Os números que mostram que a doação de órgãos no Pará ainda não é modelo nacional indicam, também, a necessidade de se interiorizar o serviço de captação e transplantes. Atualmente, os hospitais que fazem estas cirurgias via SUS estão concentrados em Belém. Também há três das seis clínicas oftalmológicas da capital que cobrem o serviço de forma pública (veja quadro). No interior, a única instituição cadastrada para fazer transplantes é uma clínica oftalmológica particular em Santarém, no Oeste paraense. Além disso, a pouca atividade das CIHDOTTs nos hospitais de interior – mesmo entre os Hospitais Regionais – ainda persiste como outro grande entrave para a abrangência da CNCDO no Pará, já que praticamente todas as doações contabilizadas desde sua criação são da capital.

Segundo a coordenadora de credenciamento de instituições de saúde da CNCDO, a enfermeira Glória Belém, um dos desafios, atualmente, é o de firmar equipes médicas especializadas no interior e submetê-las a avaliações do Ministério da Saúde. “O credenciamento para realização de transplantes demanda um grupo fixo de profissionais especializados para cada hospital, o que é algo raro no interior do Pará”, explica.

Enquanto o problema não é resolvido, quem precisa se submeter a um transplante no Pará precisa vir morar na capital ou, dependendo do órgão a ser transplantado, até mudar-se para outras capitais brasileiras. A situação é grave, mas, segundo Paulo Cartágenes, deve ser resolvida a médio prazo. “Já estamos firmando CIHDOTTs e equipes médicas atuantes no interior, para que pelo menos a captação seja mais frequente em municípios-pólos como Bragança, Altamira, Marabá e Santarém. Já as cirurgias serão resultado de um projeto a longo prazo”, avalia o coordenador da CNDCO.

Agricultor de Marabá está há sete anos na espera por um rim

Atualmente, o tempo médio de espera para um paciente paraense receber o órgão de que necessita oscila entre dois e três anos, segundo a CNCDO. Além da quantidade baixa de órgãos doados e captados nas centrais de doação, os índices de compatibilidade genética e imunológica entre doador e receptor podem estender este período por prazos incertos.

Já se vão mais de sete anos desde que o paraense nascido em Marabá João Souza Dias, 40, precisa gastar 12 horas semanais em sessões de hemodiálise no Hospital de Clínicas Gaspar Vianna. Diagnosticado com insuficiência renal desde 2002, ele é um dos que aguardam há mais tempo por um transplante de rim na lista da CNCDO.

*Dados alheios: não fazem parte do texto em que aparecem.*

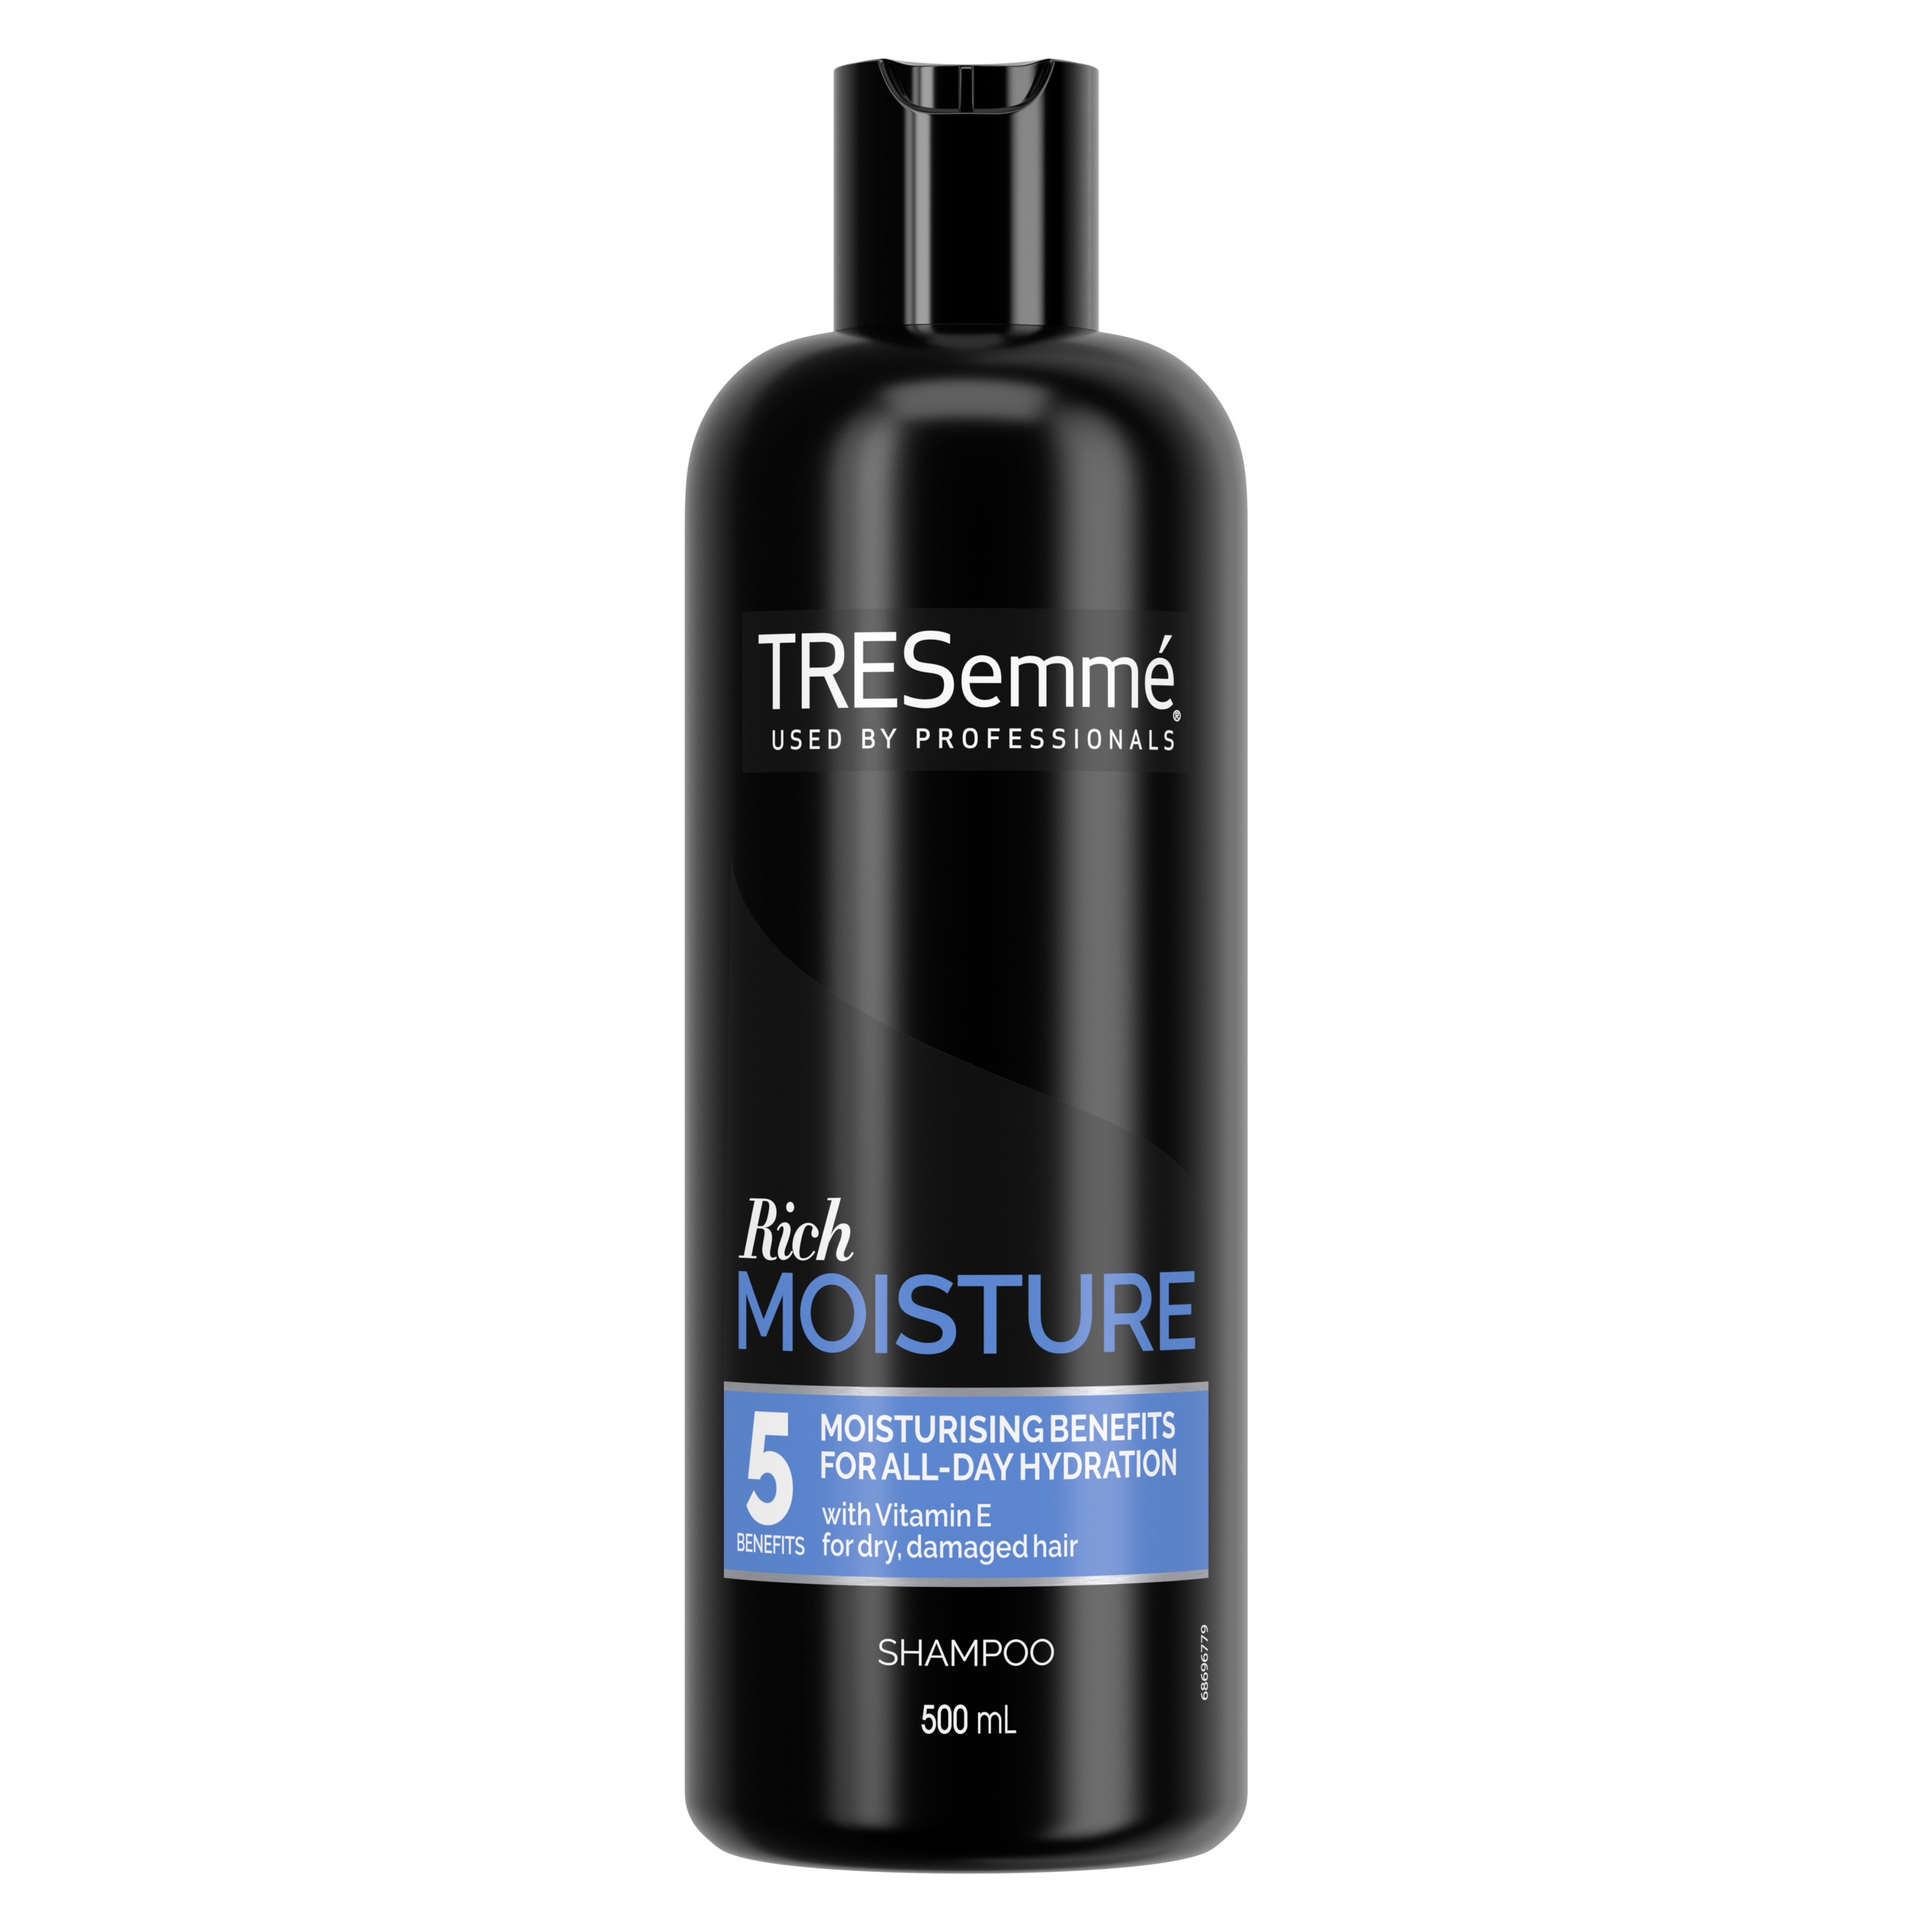 A 500ml bottle of TRESemmé Moisture Rich Shampoo front of pack image

A espera só fez dificultar a vida de João, agricultor que teve de largar o emprego e se mudar junto à mãe para Ananindeua, na Região Metropolitana de Belém, para dar continuidade a seu tratamento. “Faço sessões três vezes na semana, às terças, quintas e sábados. Mas não dá para trabalhar, até porque a gente fica muito debilitado. Tenho hipertensão e estou a cada dia mais longe de meu peso ideal”, lamenta João, que atualmente pesa apenas 48 kg.

Em todo esse tempo na fila, o paciente conta já ter chegado perto de receber um rim várias vezes. O problema é que a questão da incompatibilidade genético-imunológica fez com que os rins que apareceram na lista de doações fossem encaminhados a pacientes com maiores chances de recuperação. Para João, tudo poderia ser transformado se houvesse mais solidariedade. “Fico muito triste, pois não tenho condições de continuar minha vida enquanto isso não for resolvido. Se houvesse mais doações voluntárias, talvez minha situação e a de milhares pudessem ser resolvidas sem tanto sofrimento”, avalia.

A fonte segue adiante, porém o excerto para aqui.